Wikileaks als Chance für den Graswurzeljournalismus

Ausgerechnet “das ehemalige Nachrichtenmagazin” veröffentlicht eine Homestory über einen Ehemaligen, der demnächts nicht nur ein eigenes Wikileaks aufbauen sondern auch sein Buch verkaufen will. Ausgerechnet deshalb, weil Der Spiegel natürlich einer der Nutznießer von Wikileaks ist, den investigativen Journalismus hat man inzwischen abgestellt und bekommt ihn kostenfrei. Trotzdem beteiligt man sich im Rahmen der Kampagne gegen Wikileaks mit eben jener Homestory an der Veröffentlichung der Glaubwürdigkeit des Projektes im Allgemeinen und Assange im Speziellen in Zweifel ziehender Geschichte, und das natürlich nur aus dem einzigen Grund: Wikileaks ist nicht nur ein neues Journalismuswerkzeug, sondern ermöglicht auch Graswurzeljournalismus.

Jeden Tag veröffentlicht Wikileaks jene Dossiers, die als diplomatische Depeschen aus allen möglichen Ländern eingetroffen sind. Seit nunmehr zwei Wochen sind so trotzdem gerade einmal 0,5 Prozent der zu veröffentlichten “Cable” verfügbar. Und obschon der Kopf von Wikileaks – selbstredend nicht aus politischen Gründen – inhaftiert wurde und sich die Politik seit dem ersten Tag bemüht, die Sprengkraft der Veröffentlichungen herunterzureden, ist Wikileaks nicht mehr von den Titelseiten zu bekommen.

Mit etwas analytischem Verstand, ein wenig Zeit und der Hilfe von Suchmaschinen ist es möglich aus dem Fundus bessere Berichterstattung zu verfassen, als das beispielsweise der zu Anfang zititerte Spiegel kann. Denn der wie so viele andere Qualitätsmedien werden aus politischem Vorbehalt, Zeitdruck oder zu Gunsten des Boulevard abwägen müssen, ob man Wikileaks weiterhin die nötige Aufmerksamkeit schenkt, oder lieber aus dem Schlafzimmer eines Parteivorsitzenden, den Preisverleihungen, den Streitereien in und über Parteien, im Auftrag von Unternehmen als Berichte getarnte Anzeigen publiziert. Denn billiger und reißerischer als das Zusammensetzen des Puzzle #cablegate dürfte es sein, die Agenturmeldungen zum Thema abzudrucken, wie das schon so häufig gemacht wird. Und insofern wird man über kurz oder lang überall das selbe Resüme aus den Depeschen vorgesetzt bekommen.
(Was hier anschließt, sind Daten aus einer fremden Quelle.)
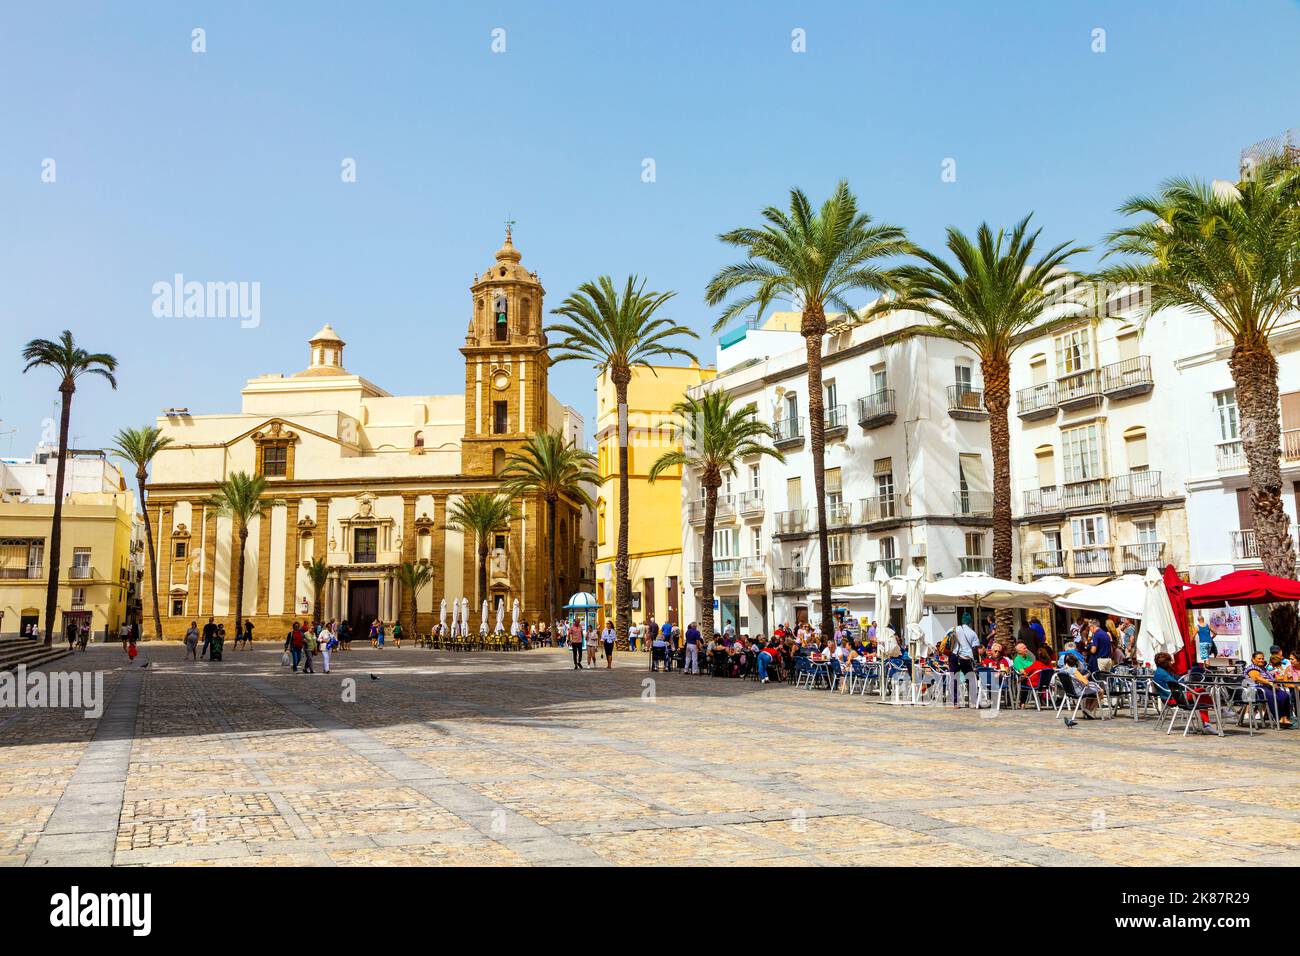 Buildings and Iglesia de Santiago Apóstol around Plaza de la Catedral (Cathedral Square) in Cadiz, Andalusia, Spain Stock Photo

In diese und die folgenden Lücken, denn fraglos bleibt #cablegate nicht die letzte Veröffentlichung, kann Weltbürgerjournalismus seine Wurzeln jagen, Depeschen kommentieren, kritisch hinterfragen und so zum Erfolg wie zu dem von Wikileaks beitragen. Dabei müsste niemand die Zeit aufbringen alle Depeschen zu studieren, die Wikileaks Tag für Tag publiziert. Thematisch, geographisch, nach Personen, Parteien oder Unternehmen zerpflückt widmet sich die heterogene Blogosphäre dem, was ihnen ohnehin gefällt.

Daraus hervor gehen könnte auch eine neue Qualität basierte Verlinkung untereinander, denn über eindimensionale Blogrolls hinaus sollte eine Instanz geschaffen werden, von der aus abermals thematisch, geographisch, nach Personen, Parteien oder Unternehmen zerpflückt auf einzelne Beiträge oder sie behandelnde Blogs zugreifen können müsste. Denn Korrespondenten sind der verlängerte Arm einer Redaktion, die jeder Blogger für sich selbst übernimmt, in einem syndizierten Format, das Veröffentlichungen ähnlich Google News verlinkt, würde aus der den dezentral publizierte Resümees über die Cables eine schlagkräftigen Graswurzeljournalismus machen.